— Task statement —
Your copy should match the listing word for word, apart from the pictures, which are left out.

— Given material —
+ + + +

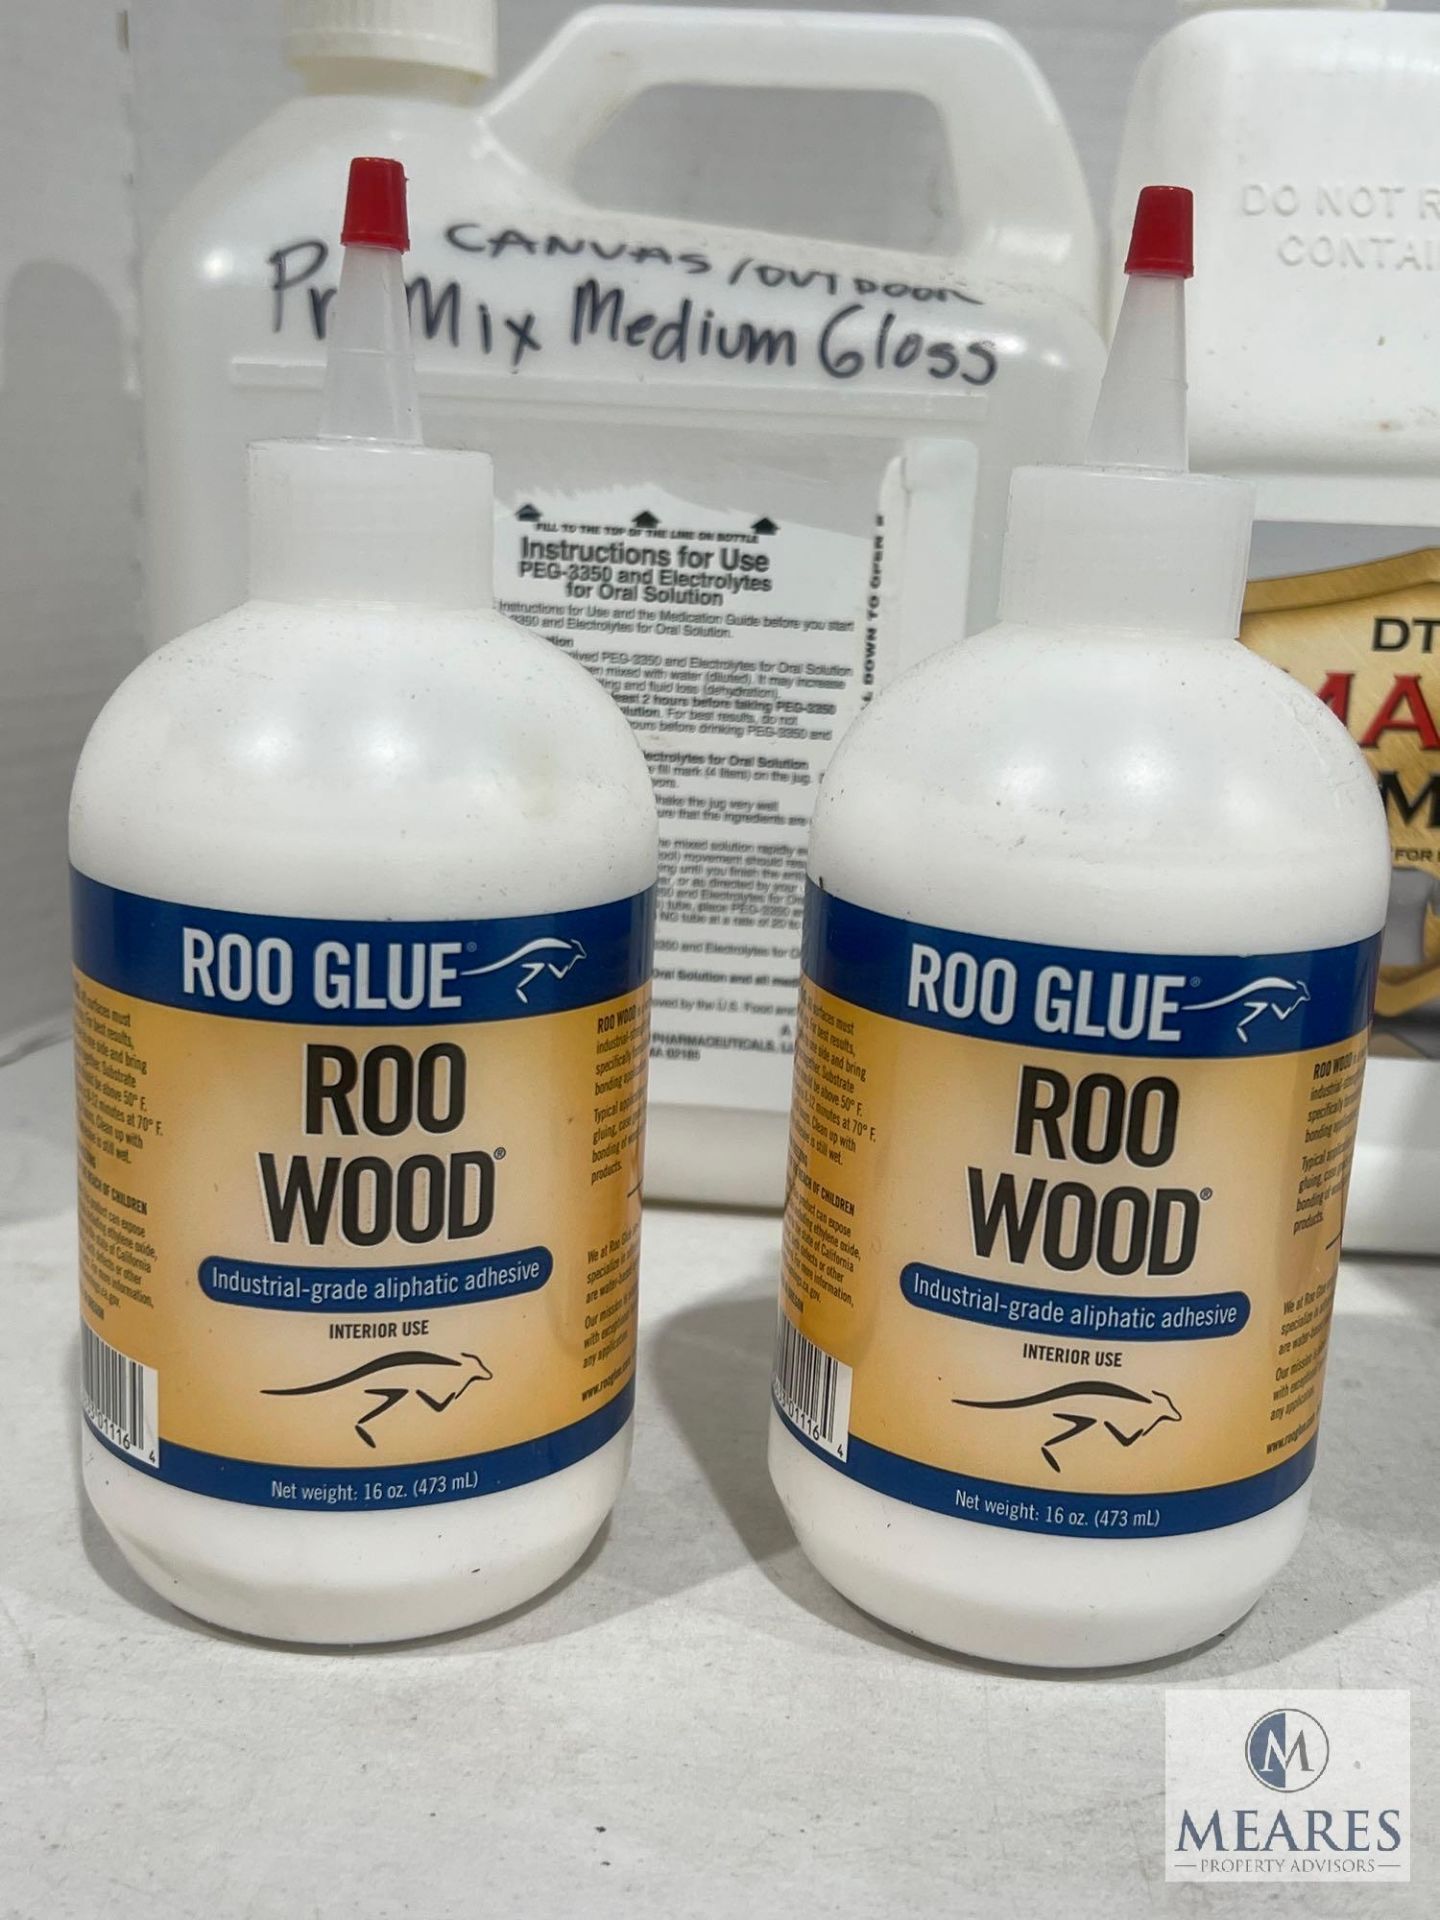 Pretreatment Supplies and Roo Wood Glue - Image 2 of 6
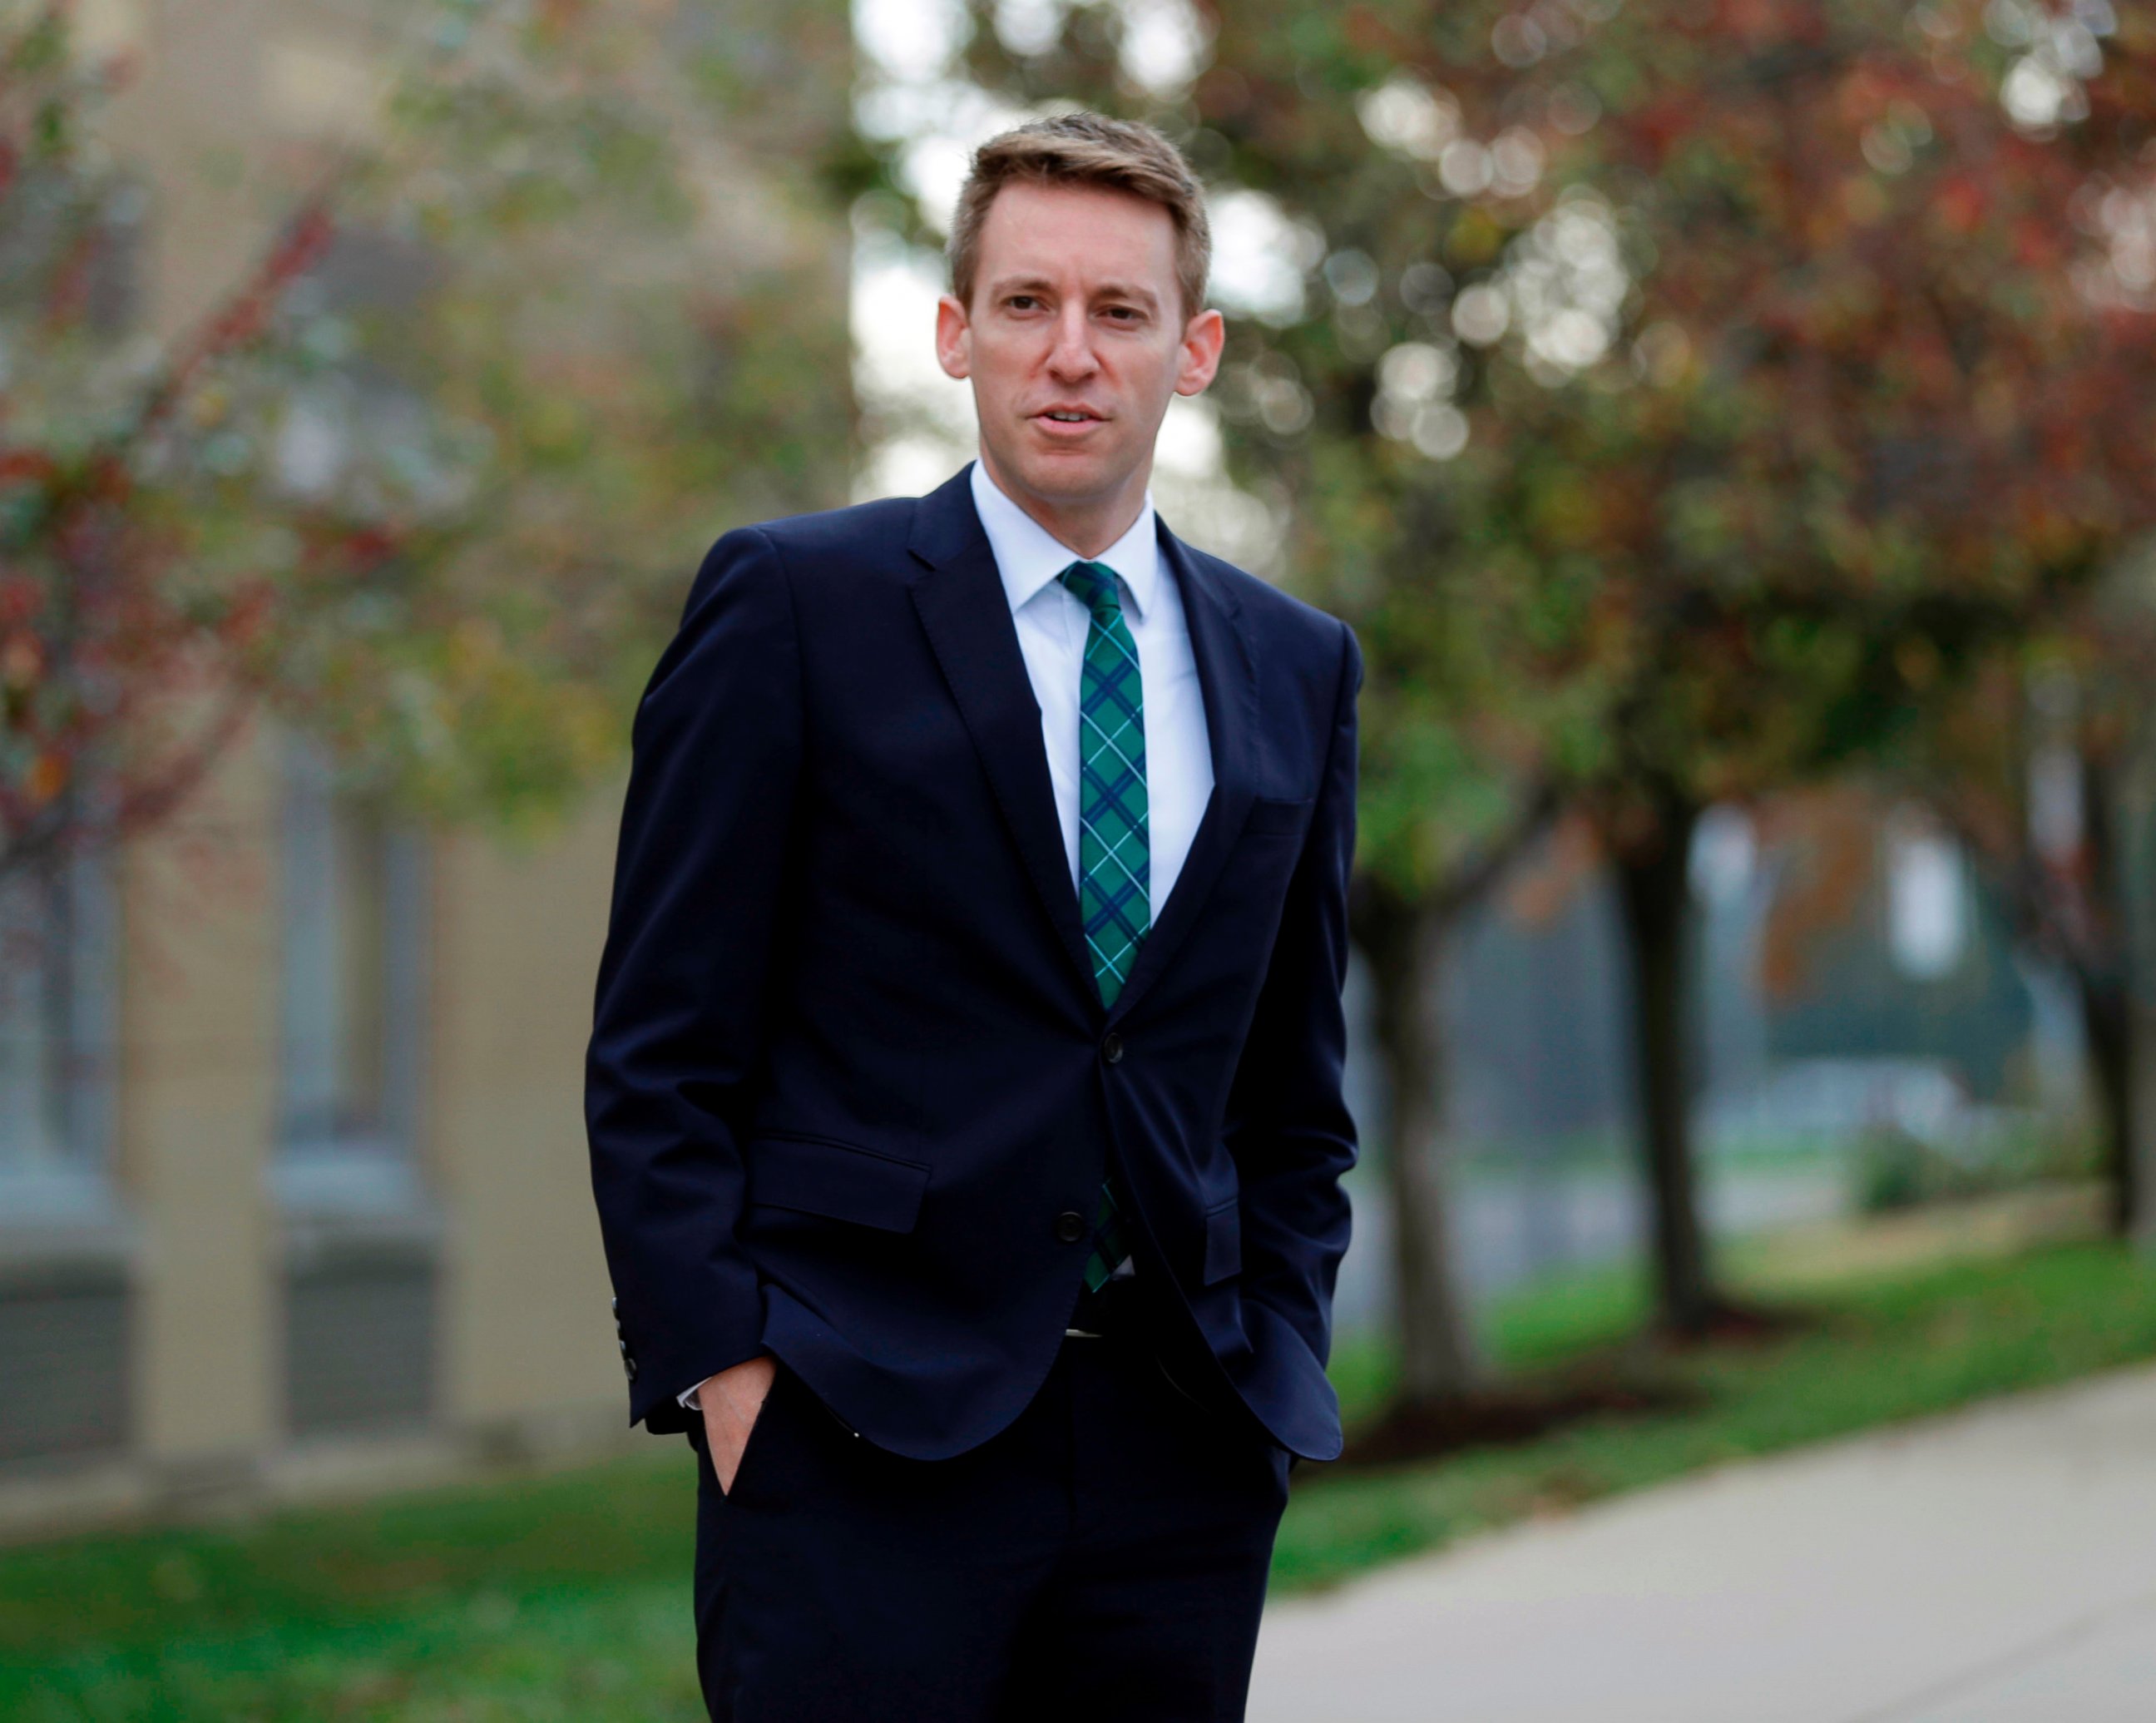 PHOTO: In this Nov. 8, 2016 file photo, Democratic U.S. Senate candidate Jason Kander waits to greet voters outside a polling place in St. Louis. Kander’s “Outside the Wire: Ten Lessons I've Learned in Everyday Courage” is coming out Aug. 7.
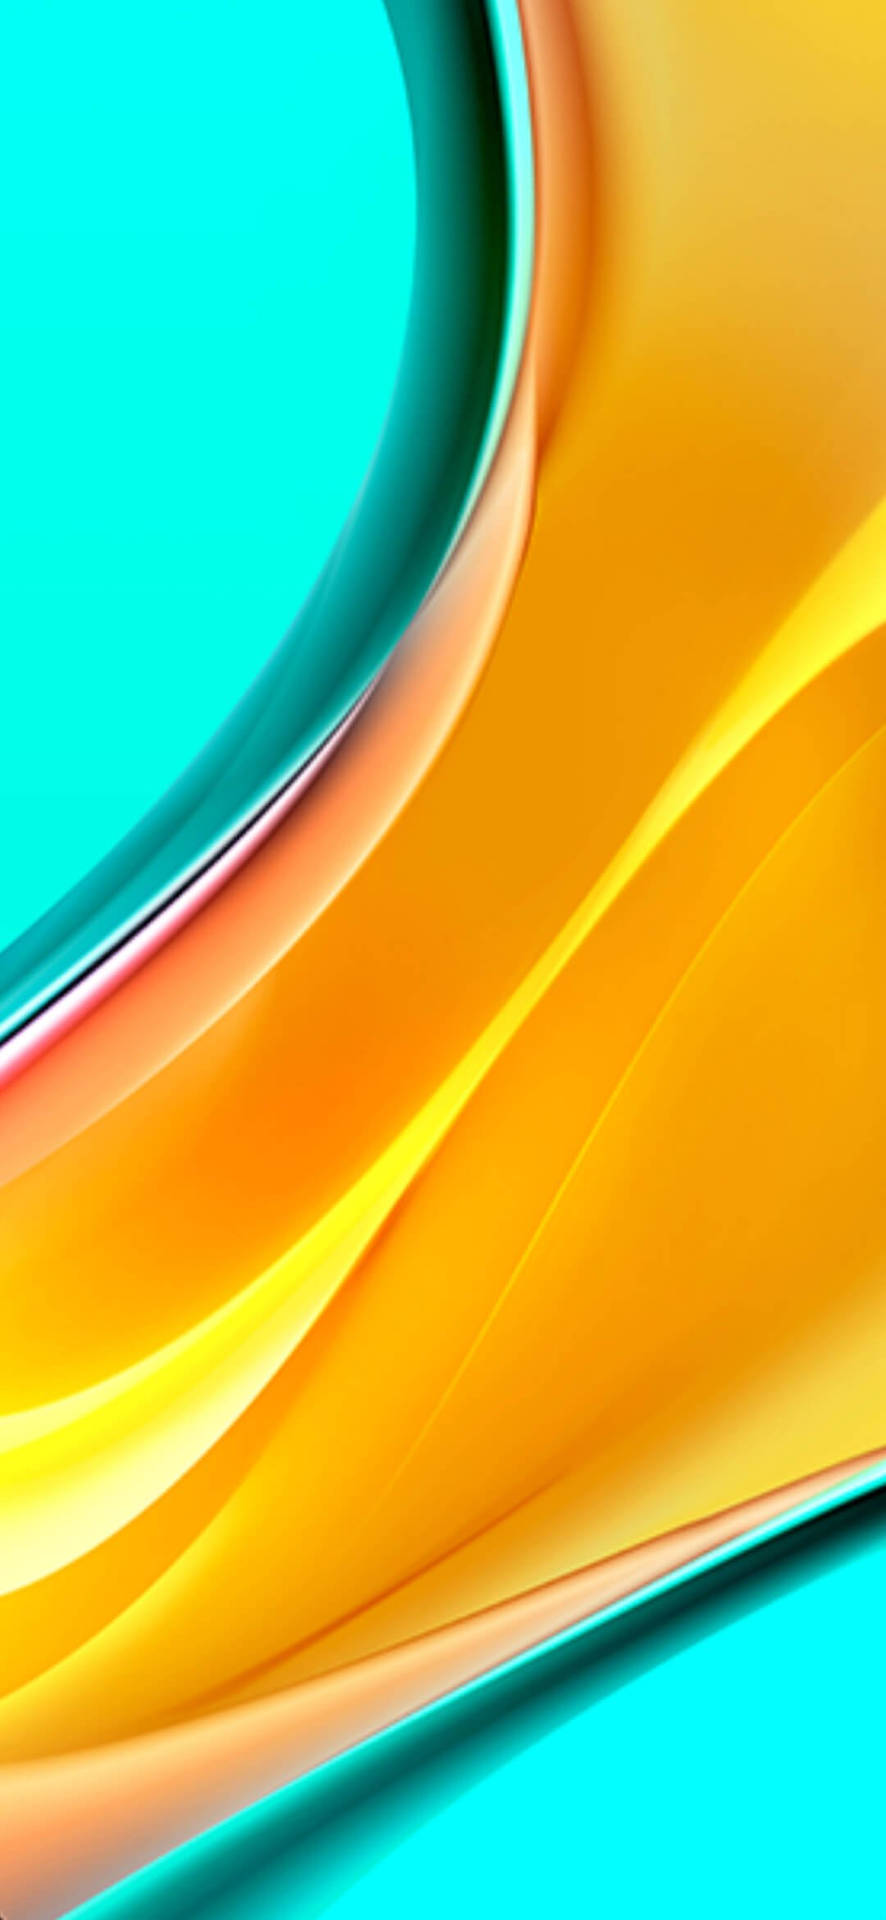 Redmi 9 Yellow And Bright Blue Background

+ + + +

— Result of this task —
 Pretreatment Supplies and Roo Wood Glue - Image 2 of 6
 PHOTO: In this Nov. 8, 2016 file photo, Democratic U.S. Senate candidate Jason Kander waits to greet voters outside a polling place in St. Louis. Kander’s “Outside the Wire: Ten Lessons I've Learned in Everyday Courage” is coming out Aug. 7.
 Redmi 9 Yellow And Bright Blue Background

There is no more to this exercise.